We all know what we NEED, but that doesn't always match
up with what we WANT. Wants win. Image here
In my article on obtaining permission, I used the analogy of my "broken" fence: I'd taken apart the fence around my garden to amend the soil. A friend saw that my fence "needed" fixing and took it upon herself to kindly fix it for me. It was a sweet gesture but emphatically not what I wanted or needed for my garden. That "service" was not a service at all--except to the extent that "it's the thought that counts."

But I think most of us would rather have our service count, rather than merely our good intentions.

God gets it


I have always found it fascinating that when lecturing us on service, God makes it clear that service is to be determined by both needs and wants.

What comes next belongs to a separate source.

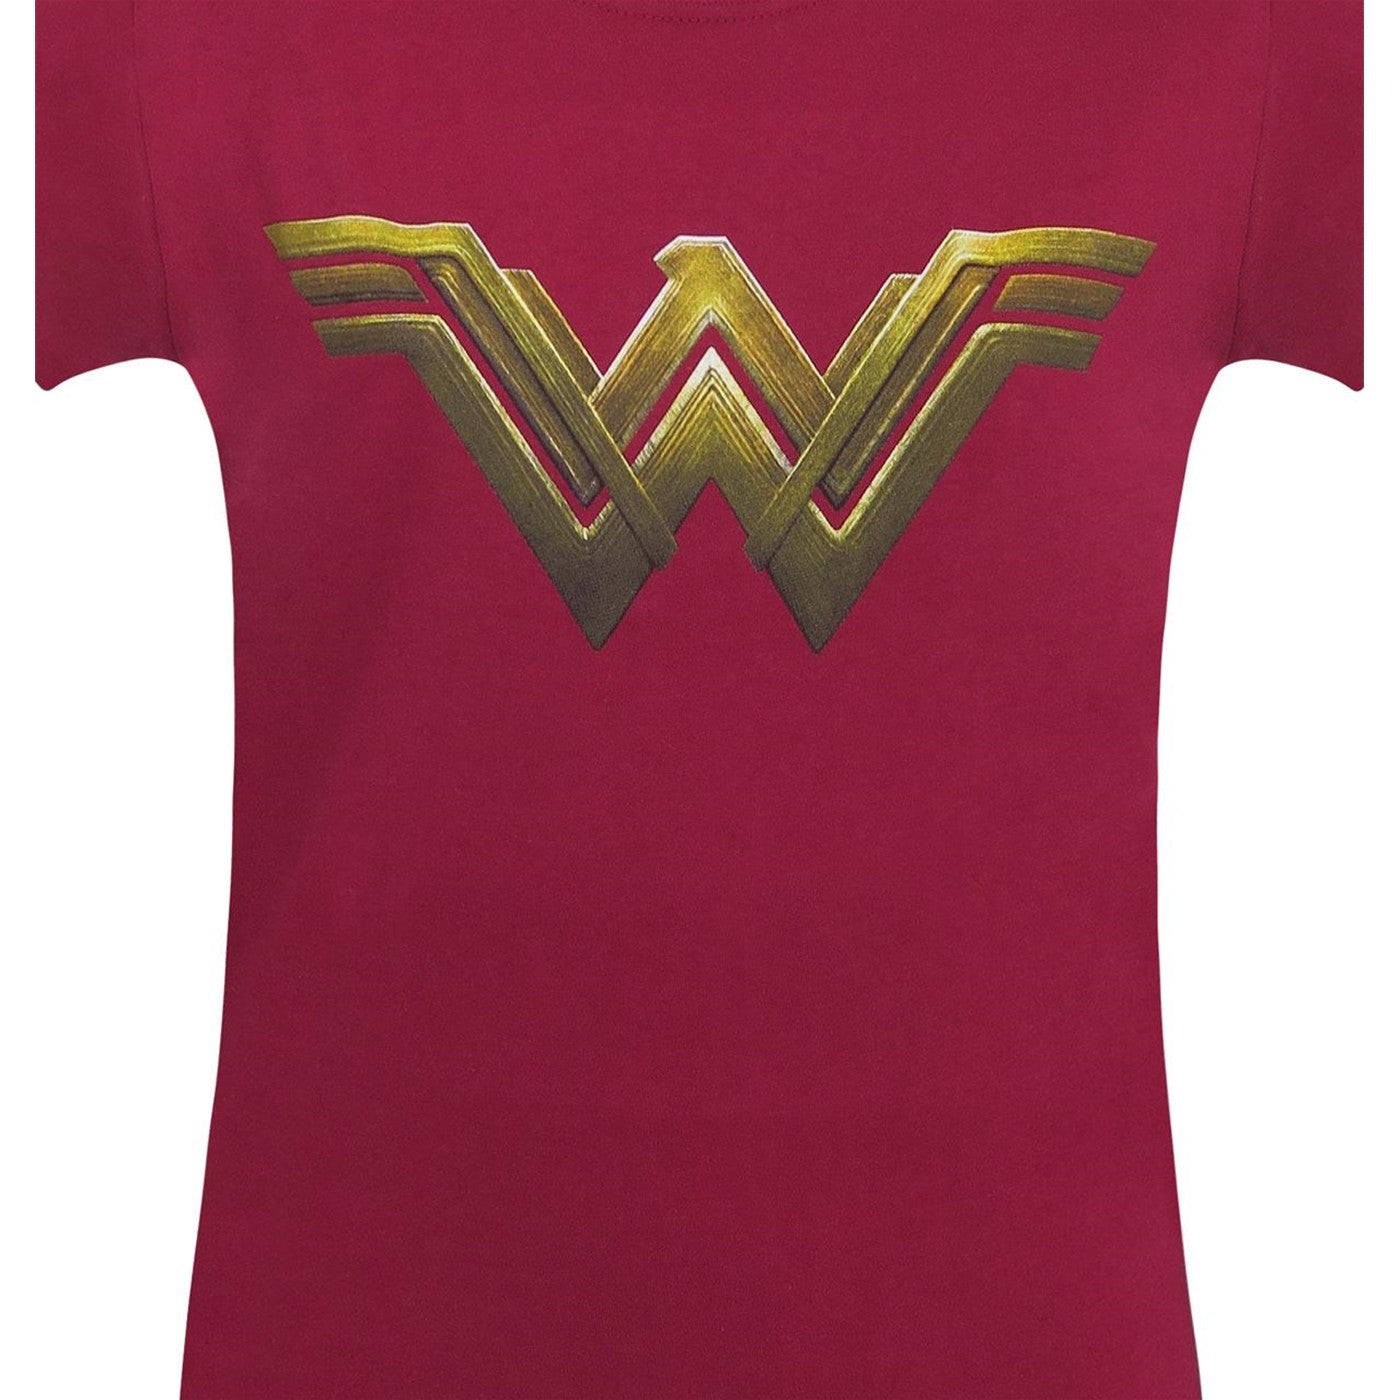 title:Wonder Woman Justice League Logo Women's T-Shirt;color:Red

Here is a link to a topical guide search of "needs" and "wants." Examine the following (emphasis mine):

Doctrine and Covenants 82:1717 And you are to be equal, or in other words, you are to have equal claims on the properties, for the benefit of managing the concerns of your stewardships, every man according to his wants and his needs, inasmuch as his wants are just— 
Mosiah 18:2929 And this he said unto them, having been commanded of God; and they did walk uprightly before God, imparting to one another both temporally and spiritually according to their needs and their wants
Doctrine and Covenants 51:33 Wherefore, let my servant Edward Partridge, and those whom he has chosen, in whom I am well pleased, appoint unto this people their portions, every man equal according to his family, according to his circumstances and his wants and needs
Doctrine and Covenants 42:3333 And again, if there shall be properties in the hands of the church, or any individuals of it, more than is necessary for their support after this first consecration, which is a residue to be consecrated unto the bishop, it shall be kept to administer to those who have not, from time to time, that every man who has need may be amply supplied and receive according to his wants.
For a long time that really bothered me--as I think it can bother anyone who has a clear understanding of the difference between needs and wants. In my head I guess I was thinking of, you know, the situation where you get people who take advantage of the system based on their wants, rather than limiting their requests to their actual needs.

Image here.
But now I see these concepts in a different light. God knows everything and so of course He knows that people value what they want more than what they need. Part of the gospel, according to these scriptures, anyway, is developing the wisdom to serve people in that light: taking into consideration not just obvious needs but the desires of people's hearts. If a "service" doesn't match a person's wants, it's just. Not. Service.

Application

The practical application of all of this goes back to my post on obtaining permission to serve. It's the idea that "observe, then serve" is fundamentally incorrect unless it takes into account the served person's desires for service. The Golden Rule is good--but the Platinum Rule might be even better.

Image here.

Conclusion

Good intentions are not enough. It is unwise to think of yourself as giving service if the people you are serving do not agree. Service needs to be based not just on people's needs, but on their wants, too.